Майор Тучков, зло щуря цыганские свои глаза, спрашивал Марея:

— В бога веруешь ли, старый черт? А?

Марей ответил раздумчиво:

— Что-то мало я от богушки видал. Может, и не до нас ему…

Майор закусил ус, топнул и вперил в Марея ненавидящий взгляд.

— А ведомо тебе, бунтовщик подлой, что отрицание бытия божия и неверие в него строгим заточением караются?

— Говорю: жистям нашим конец. А здесь словно на духу, перед смертным часом ничё не боюсь.

Судья, бросив сочувственно-возмущенный взгляд майору, крикнул:

— Во что же веришь-то, мерзавец?

— А в народушко перва вера. Будет жить по-своему, головушку подымет, солнышко увидит…

— Ах ты, висельник! Когда сие будет, по-твоему?

— Не знаю, ваше благородье. Я темной человек.

Степан на допросе отвечал охотно, спокойно, даже почти весело.

— Ты про Емельку сказывал?

— Сказывал.

— Знаешь ли ты, что сие был самой злостной преступник государственной, враг народа российского?

— Малым был, а времена Емельяна Иваныча помню. И не враг он народу, а от доли его лихой избавить желал.

— Как смел ты от господина убежать?

— Рабска доля непереносна стала.

— Сознайся, мерзавец, следственно, ты против царя и дворян?

— Как можешь за того быть, кто тебе одно зло и ущерб творит?

— Как ты в разбойника обратился, вора и насильника?

— Не разбойники мы. Нужда заставила, кто бы добром нам дал?

— Каешься ли в преступлении совершенном?

— Ни единого разу, — твердо сказал Степан. — Кажный свою долю волен искать. Дворяне свою долю в наших тяготах находят, а мы за будущие века яко предтечи.

Не признал себя виновным и Сеньча Кукорев.

— Мы как честны люди жили, хлеб сеяли, на охоту ходили. А ежели брали кой-что силком, так не у бедного, а у богатой казны. Мы тож люди, без домашности не житье, а побежали не от добра.

Алтайцев долго не спрашивали. Скучливо слушал рассказ Удыгая толмач, маленький, большеголовый, уродливо-смешной со своими скулами и черными глазами, в куцем коричневом сюртучке. Раскормленное лицо толмача нетерпеливо хмурилось.

Переводил равнодушно:

— Камлали[44], говорит. Девка утонула.

Никто не поверил. Судья, уже томясь желанием протянуться с трубкой на диване, сладко зевнул.
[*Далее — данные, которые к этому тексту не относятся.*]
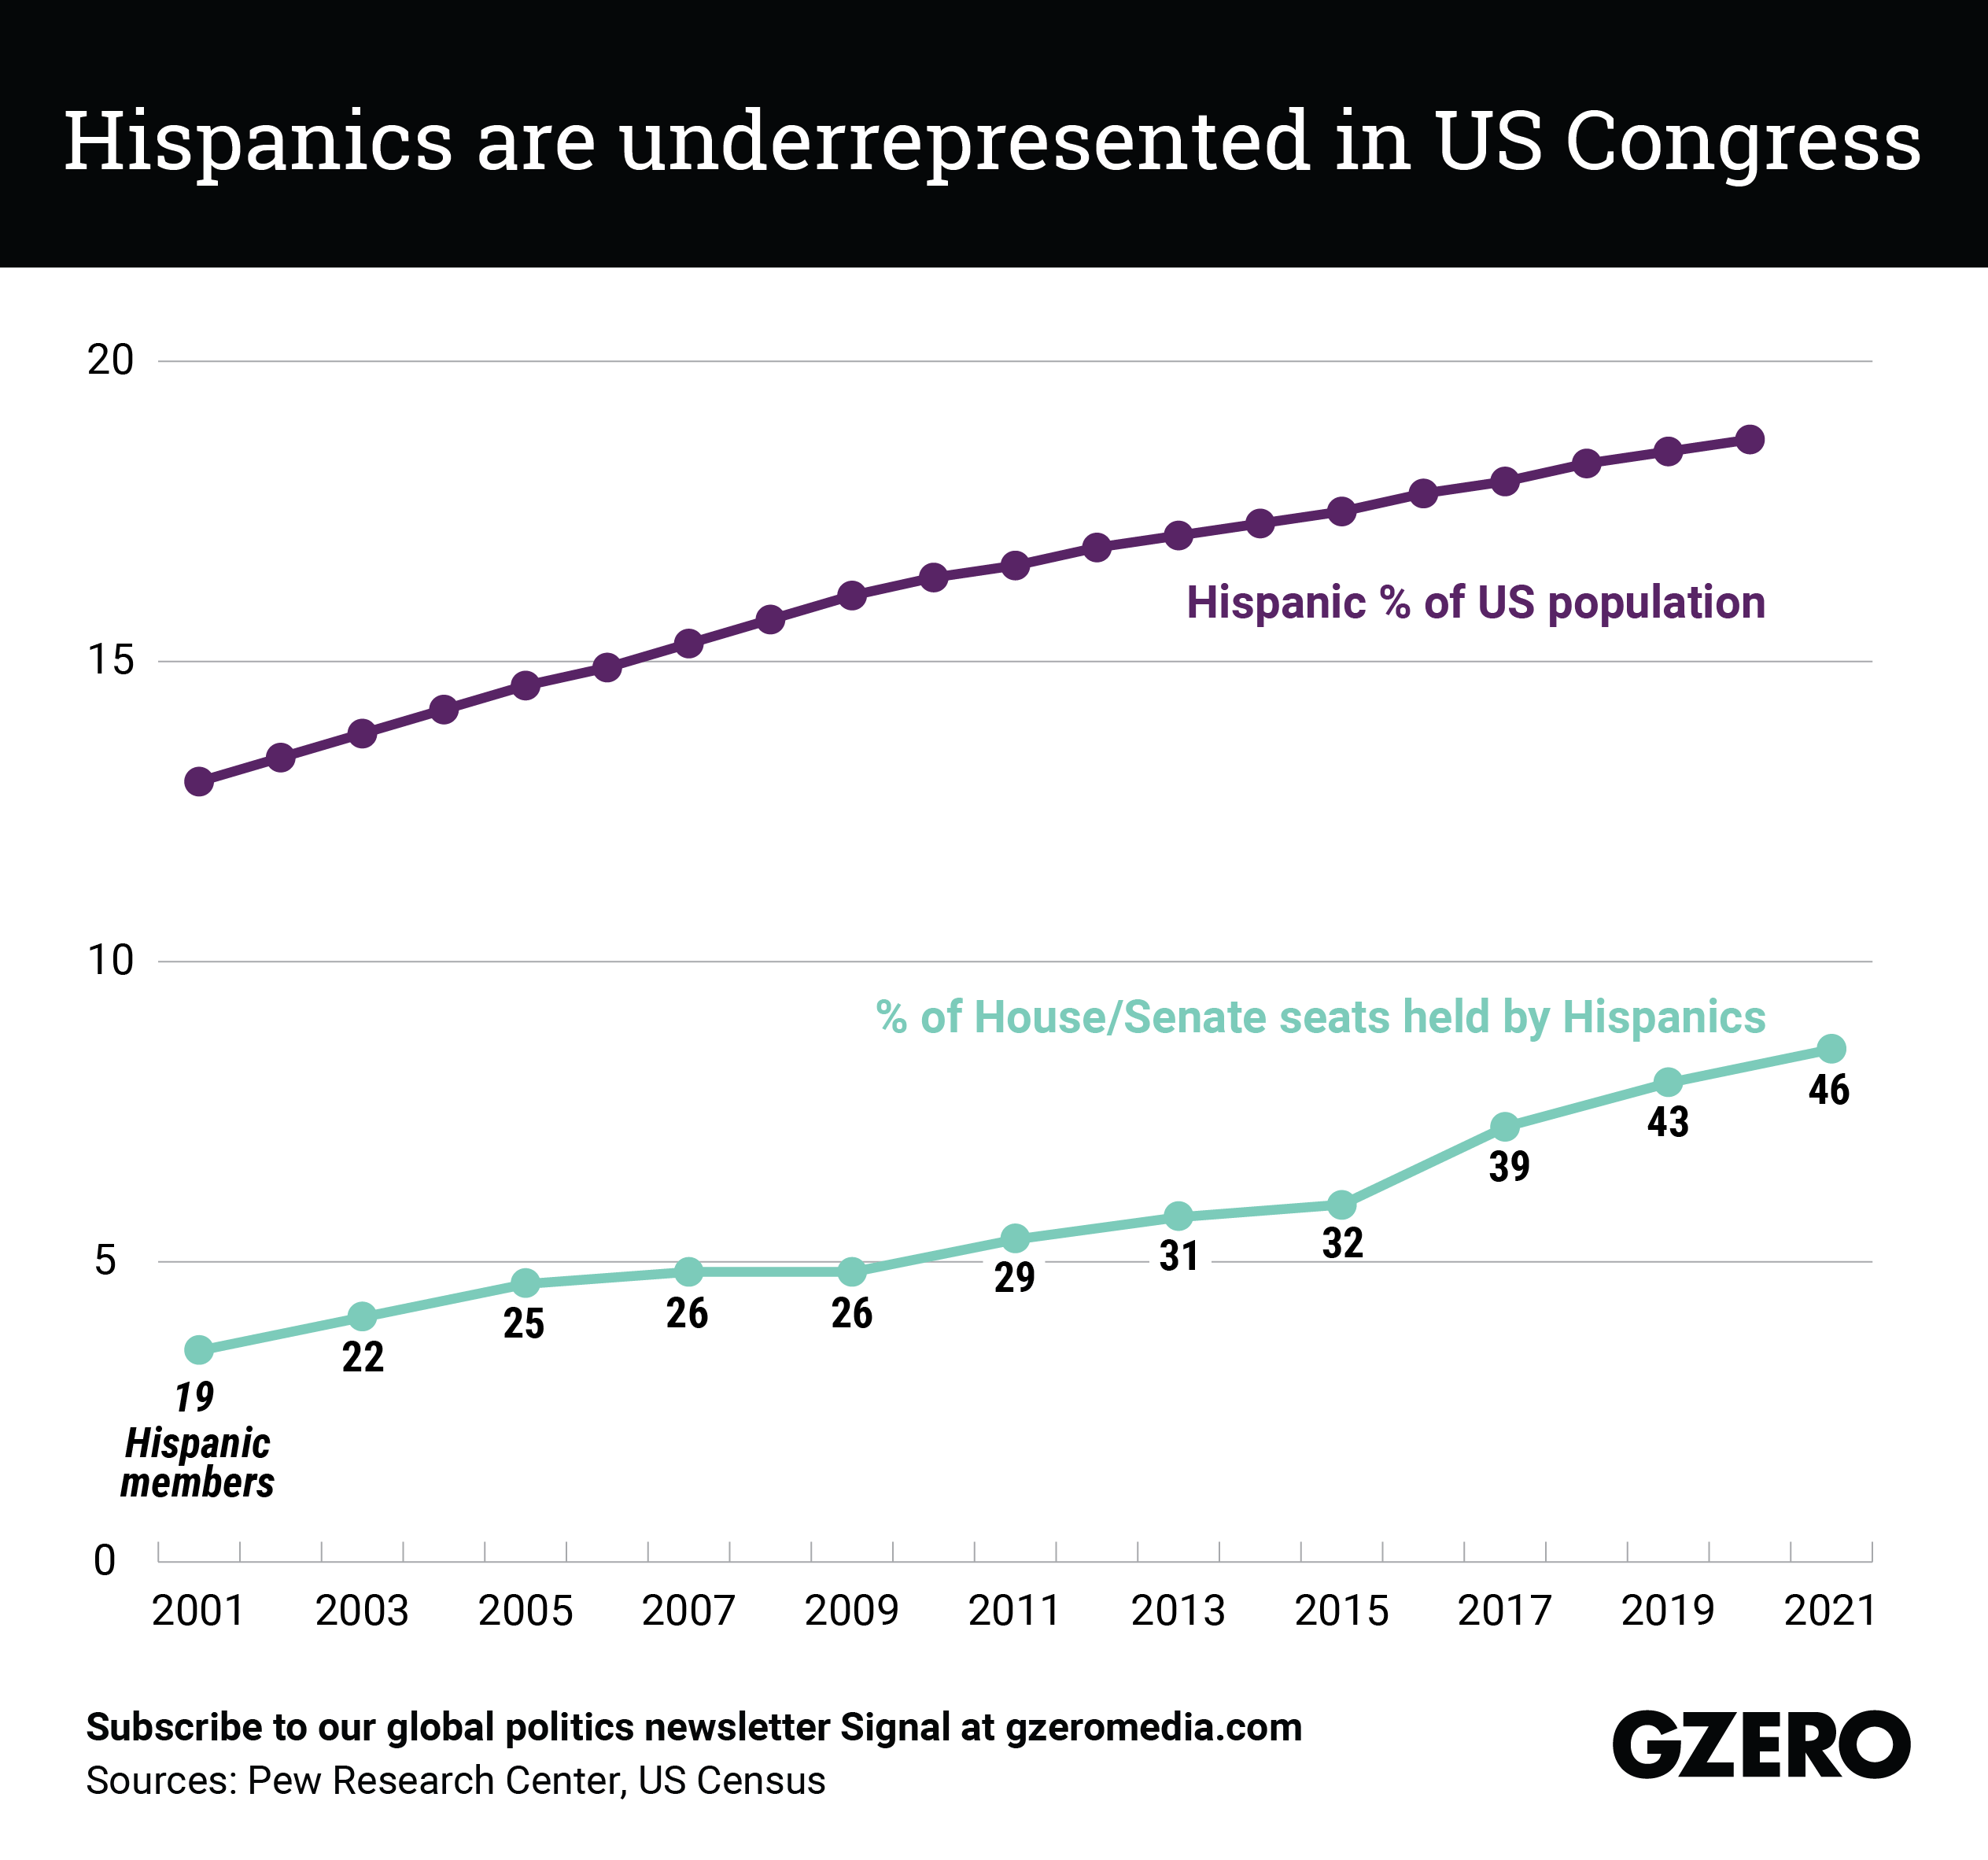 The Graphic Truth: Hispanics are underrepresented in US Congress

— Злостный, вероломный народец. Ни с чем несообразно, одни камнями бьются, а другие молятся. Какая тут девка? Ясно, молились для ниспослания победы бунтовщикам. Преступление против законов российских налицо.

Отирая лоб белоснежным платком, сострил:

— Сие лишний раз доказывает, насколь благоволение нашего господа сильнее всяких алтайских богов.
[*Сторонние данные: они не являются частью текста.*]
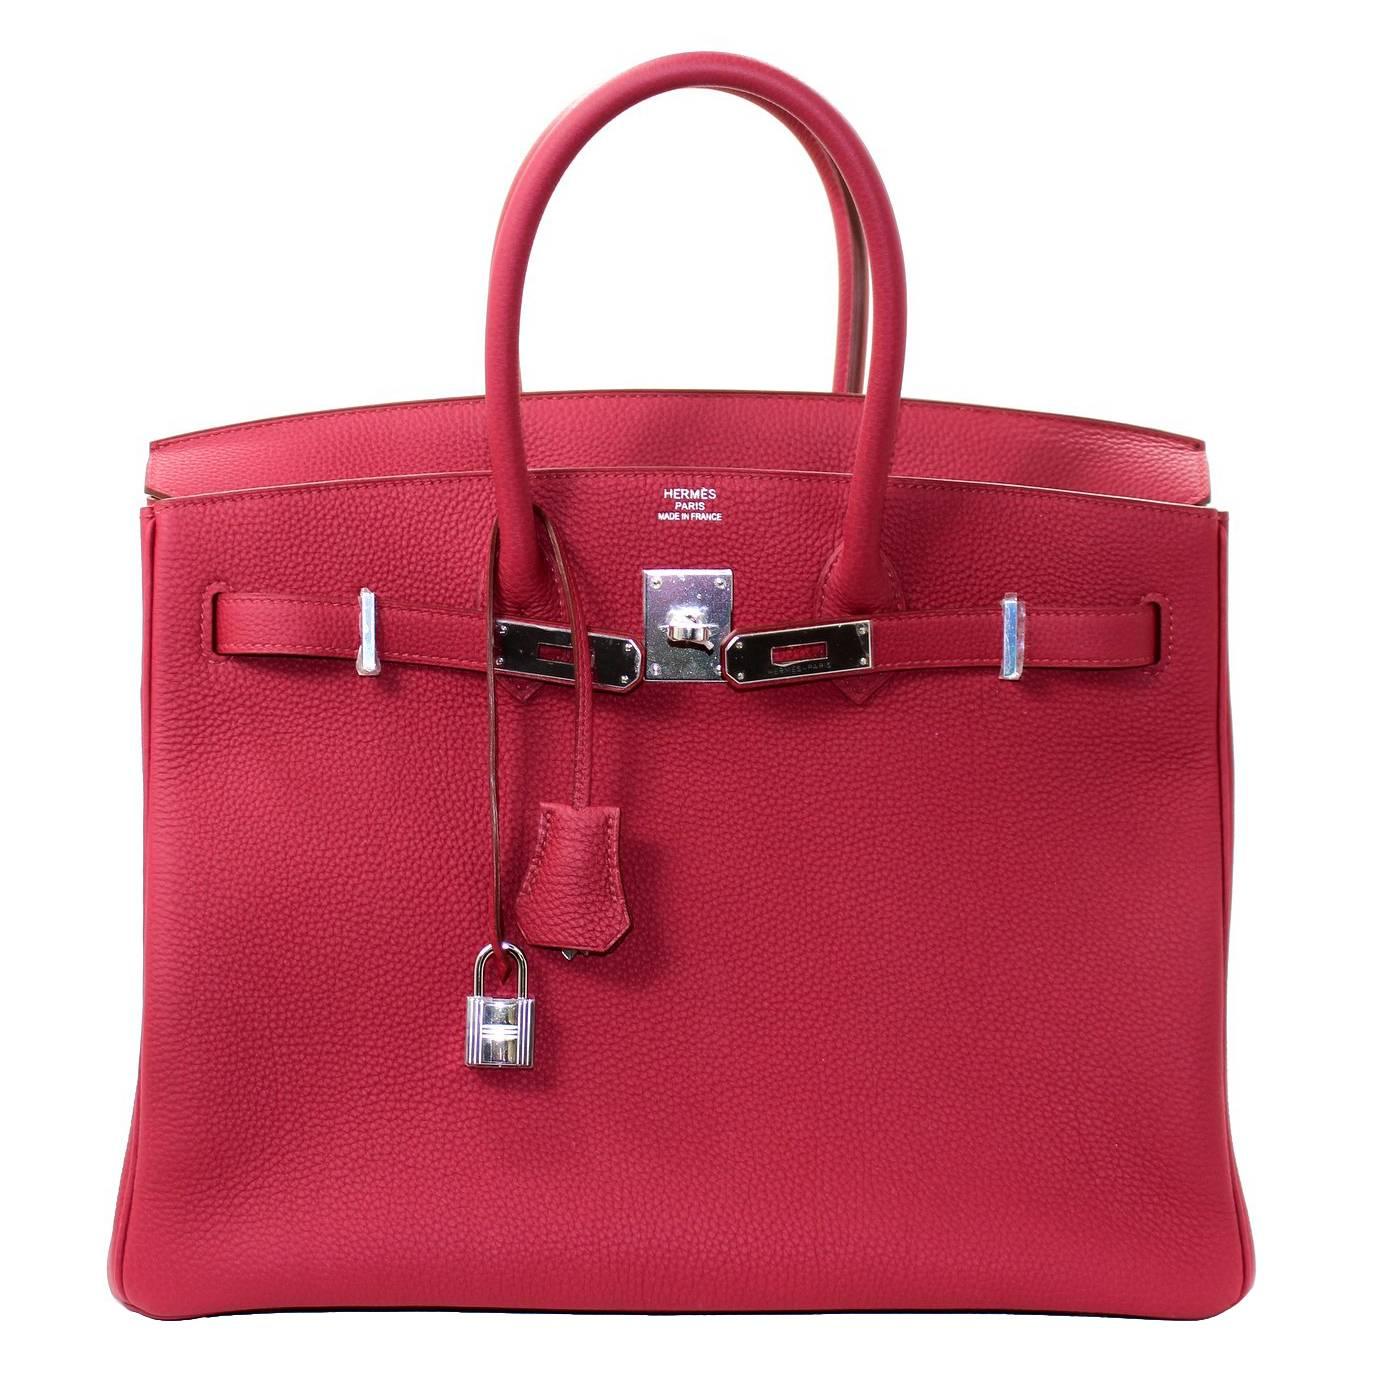 Hermès Rubis Togo Birkin Bag- 35 cm, PHW Ruby Red

Арестантов увели. В низкой же комнате, с красным столом и императорскими портретами во весь рост, одурело жужжали мухи и судилище составляло приговор.
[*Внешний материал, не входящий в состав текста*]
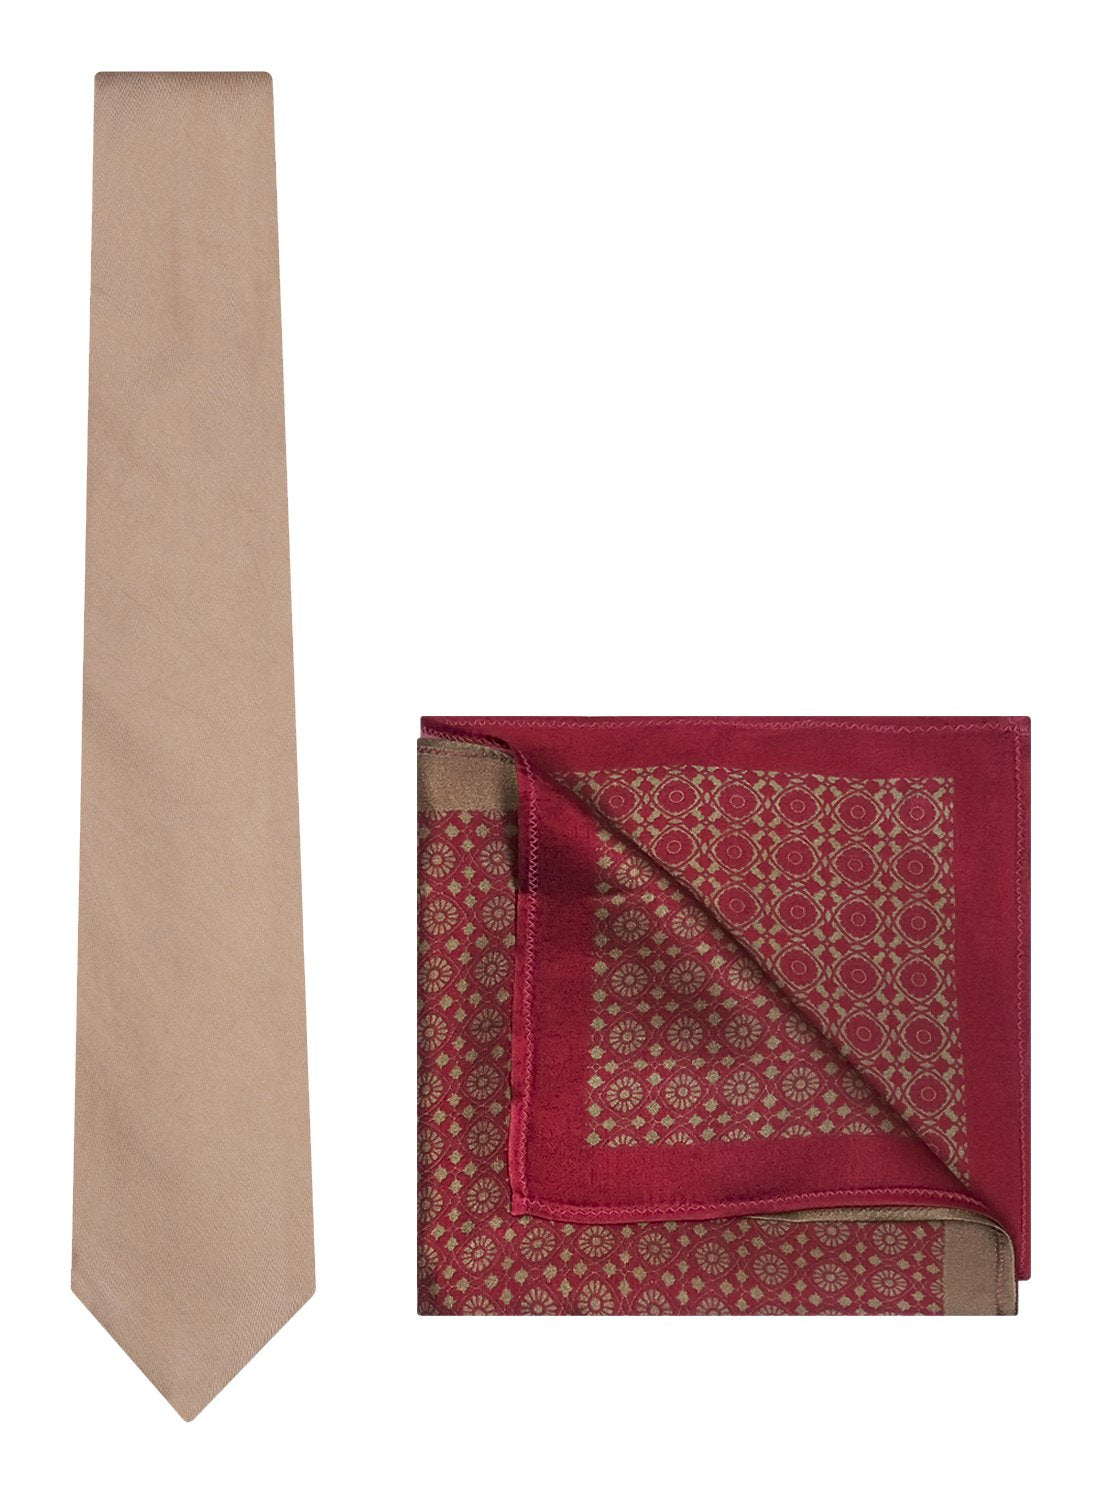 Chokore Beige color Plain Silk Tie & Wine Pink & Beige silk pocket square set

Канцеляристы потели и скрипели перьями.


Гаврила Семеныч скушал уже вторую дыню и мелкими глотками пил кисленькую прохладную настоечку, заедая ее пастилой. Аккуратно запахивая китайчатый шлафрок, вставал по временам, зажав в руке сухой подбородок и замедляя шлепающие шаги перед курносым ликом в прусском мундире. Гаврила Семеныч писал всеподданнейший рапорт в канцелярию кабинетских земель его величества.

Жуя губами и морща лоб под ночным колпаком, он выводил тряскими буквами текст рапорта:

«…Доблестные войска наши, не жалея крови своей для отечества, переловили сих беглых наглецов, ложно поселившихся на земле, кабинету принадлежащей, благами коей они пользовались беззаконно. Племена же алтайские, как заметить можно, с сими преступниками дружбу водят большую, даже моления к своим богам рассылают для преуспеяния жизни сих нарушителей порядка.

Негодяи, быв пойманы, на суде отменное вероломство, нераскаянность, злобу и всю преступность свою воочию показали. Как смертная зараза, достойны они жесточайшего наказания, в утверждении чего не дрогнет рука верноподданного российского.

Храбрость и доблесть армии нашей и бдительность главной конторы не одно еще такое селение, чаю я, сотрет с лица земли, дабы всем мятежным сие было в назидание и предупреждение».

Мирно потрескивали свечи.

Гаврила Семеныч отпил настоечки и вновь бережно заскрипел пером.

«…За сию блестящую кампанию представлены к высшим чинам все офицеры, проявившие усердие. Потери наши в сей битве весьма ничтожны».

Голова кавалера Качки упала на шелковую спинку кресла. Губы смешно развело улыбкой. Верно, снилась его превосходительству высочайшая награда за «блестящую кампанию».